Quartz v5.25

Overnight Handoff — Binary DSL Phase 1.5 (kickoff)

Baseline: a976ac5a on trunk (Phase 1.4 complete — 7 commits, 61 tests green, fixpoint 2072) Design doc (canonical): docs/design/BINARY_DSL.md — 335 lines, 12 locked decisions Prior handoffs (READ FIRST):

Session goal: Close Phase 1.4 gaps (straddle + variable-width + bounds check + float + typecheck strictness) so all 5 worked examples round-trip, then start Phase 2 computed fields. Estimated 1000-1400 lines across 5 commits.


Copy-paste handoff prompt (paste this into a fresh session)

Read docs/handoff/overnight-binary-dsl-phase-1-5-kickoff.md FIRST, then
docs/handoff/overnight-binary-dsl-phase-1-5.md (prior handoff with
D1-D10 discoveries — load-bearing, you WILL hit them). Design is
docs/design/BINARY_DSL.md — 12 locked decisions, don't re-litigate.

Starting state (verified at handoff a976ac5a):
- Trunk clean at a976ac5a. Guard stamp valid. Smoke green.
- 61 binary-DSL tests green: parse 14, typecheck 19, mir 10, types 5,
  methods 3, bitcast 3, roundtrip 4, with 3.
- Fixpoint 2072 functions (gen1 == gen2 byte-identical).
- Session backup pre-Phase-1.4: self-hosted/bin/backups/quartz-pre-binary-codegen-golden
  (safe to keep, or overwrite with a fresh quartz-pre-binary-phase2-golden
  before risky work).

SAVE a NEW fix-specific backup BEFORE you touch a single .qz:
  cp self-hosted/bin/quartz self-hosted/bin/backups/quartz-pre-binary-phase15-golden

NEVER overwrite quartz-pre-binary-phase15-golden until the last STEP
of this session is committed AND the full binary spec suite passes.
The rolling quartz-golden that quake guard manages gets overwritten
on every successful build.

Phase 1.5 has 5 STEPs — Phase 1.4 gap closure. Ship as 5 small commits.
If a STEP blows out, stop at the next clean commit boundary and write
a partial handoff. Don't compromise scope for speed.

STEP 1 — Variable-width fields (bytes / cstring / pstring(uN) /
  [T;n] / [T;field] / [T]). Biggest gap. Unlocks IPv4 payload + DNS
  + TLS + PE/ELF chunked formats. ~300-450 lines across typecheck +
  codegen. Spec: spec/qspec/binary_varwidth_spec.qz.

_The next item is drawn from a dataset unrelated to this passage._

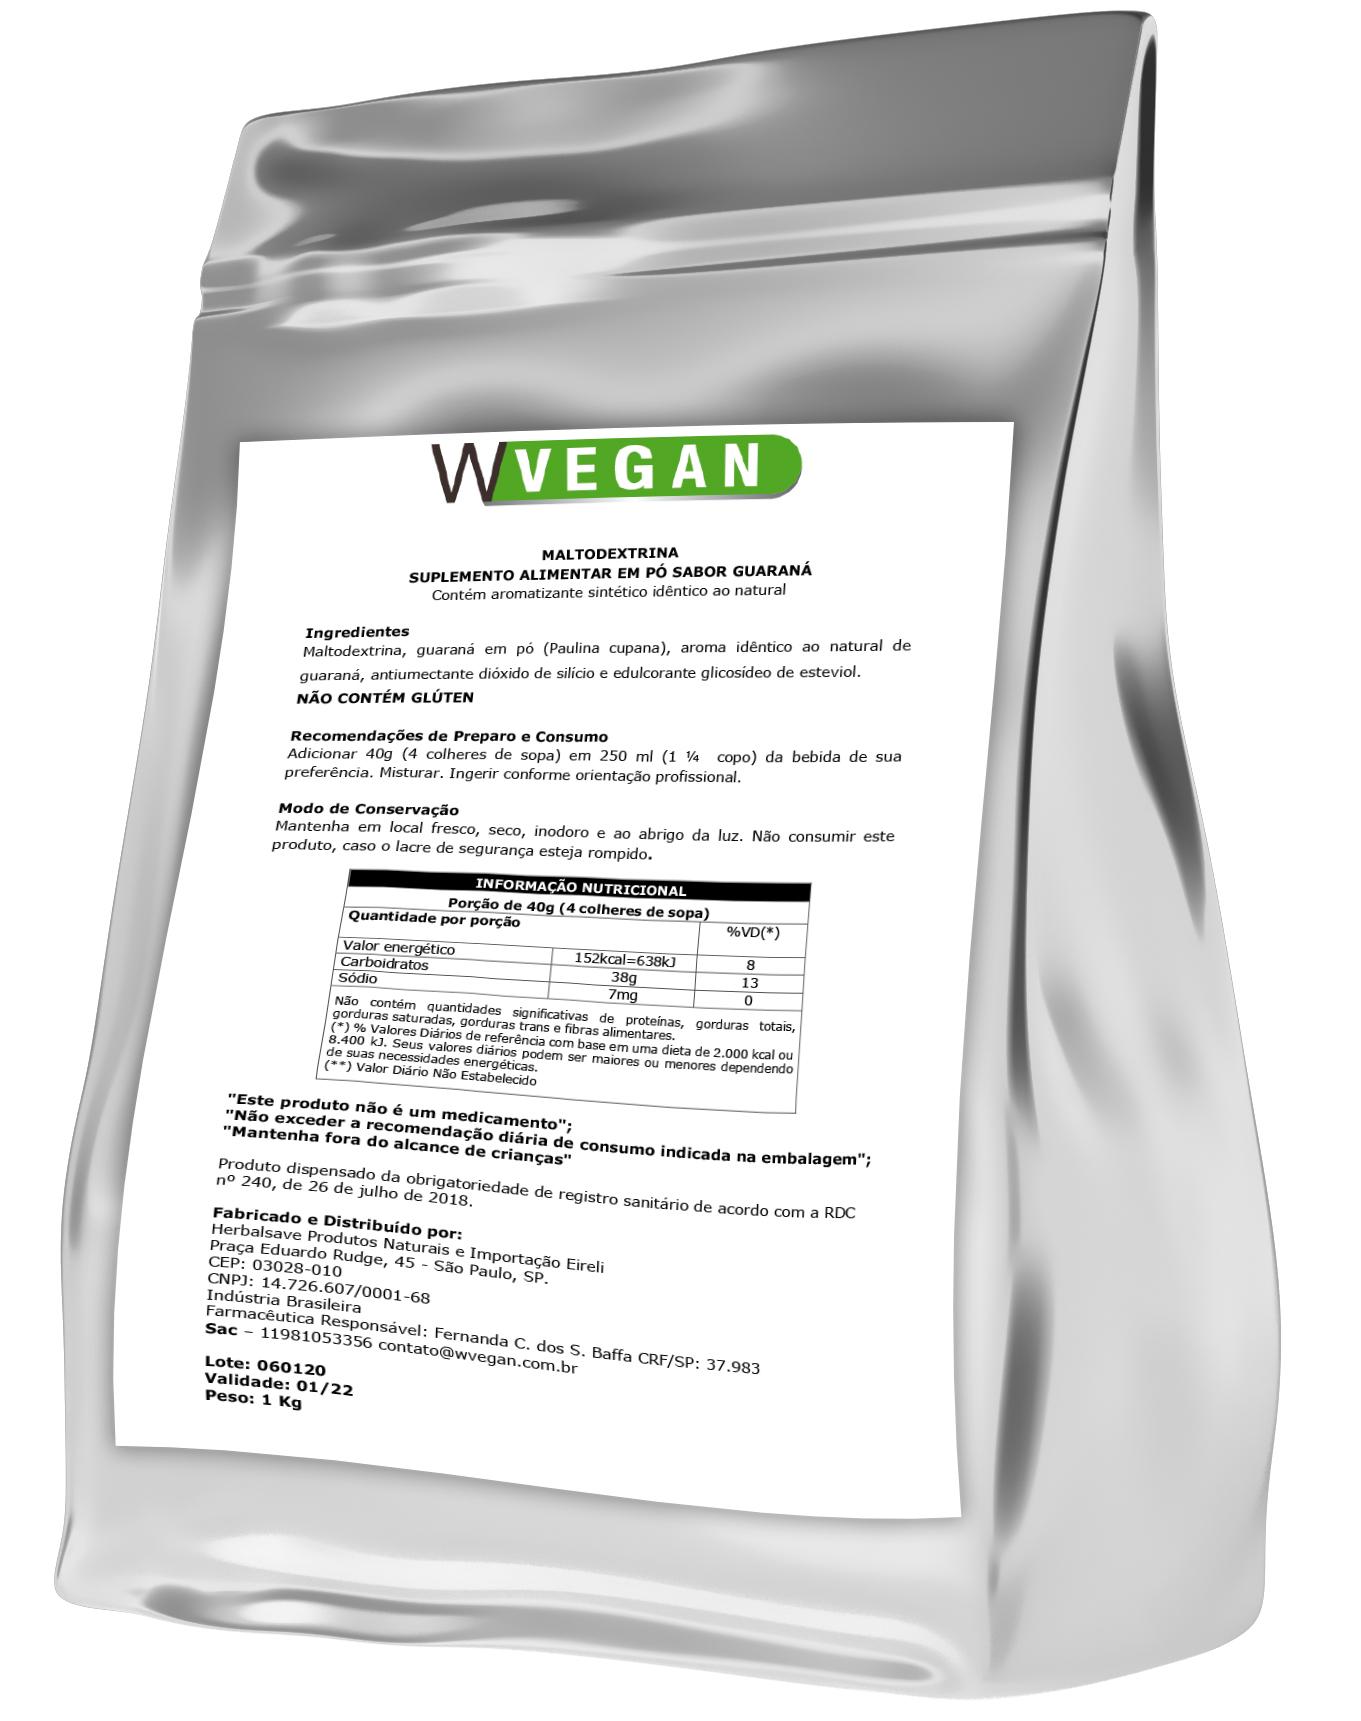 Maltodextrina 1kg Sabor Guarana Embalagem Refil WVegan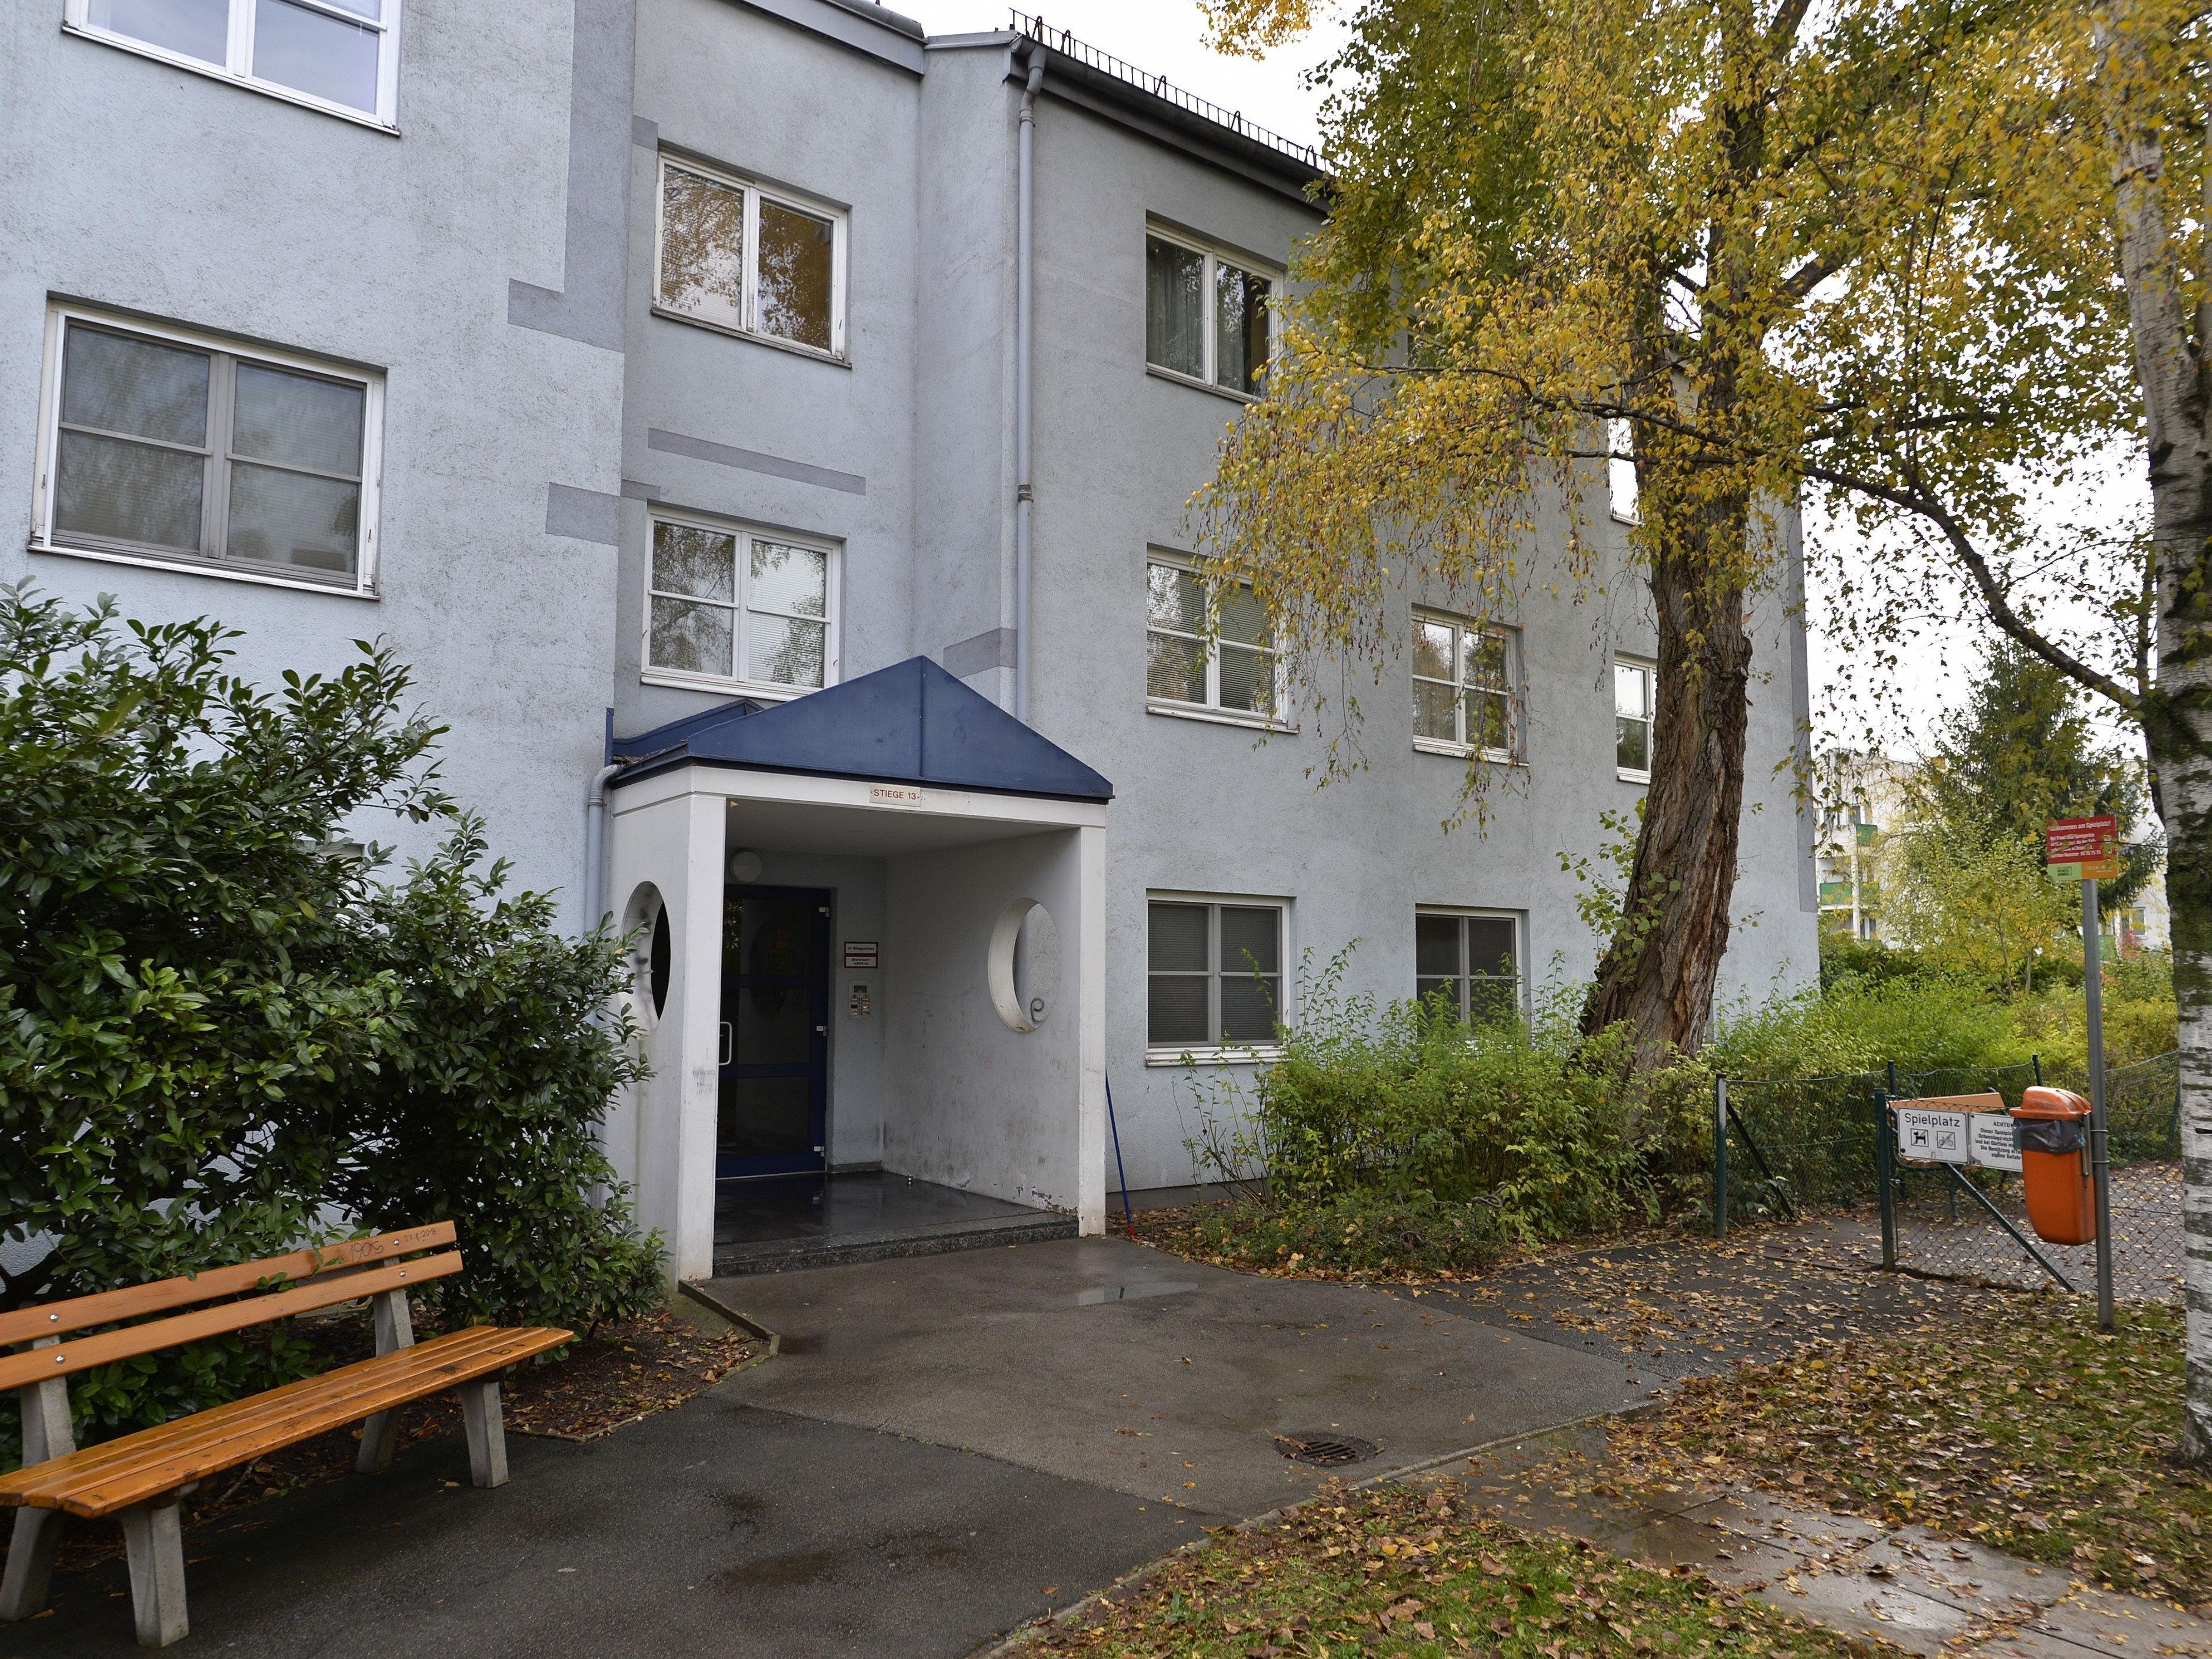 Am Tatort, der Wohnhausanlage in Liesing

STEP 2 — Straddling sub-byte fields (u13be-style across byte
  boundaries). Unlocks IPv4 full roundtrip. ~150-250 lines in
  cg_intrinsic_binary.qz (extend _cg_bin_emit paths to handle
  cross-byte shifts). Spec: spec/qspec/binary_straddle_spec.qz.

STEP 3 — UnexpectedEof bounds check in UNPACK. Quick win. At the
  top of cg_emit_binary_unpack, emit: `if bytes.size() < expected
  return Err(UnexpectedEof)`. ~50-100 lines. Requires the fixed-bits
  total to be known at codegen (it is, via the layout registry).
  Spec: spec/qspec/binary_eof_spec.qz.

STEP 4 — Typecheck strictness for `as` and `.with`. Fire friendly
  errors at typecheck time per design #11 / #12:
  - `as uN`: receiver must be packed-struct with backing == N
  - `as StructName`: source must be Int
  - `.with { field = ... }`: each named field must exist on the
    packed struct; typos should error
  ~80-120 lines in typecheck_walk.qz. Spec extends binary_bitcast
  and binary_with with assert_compile_error cases.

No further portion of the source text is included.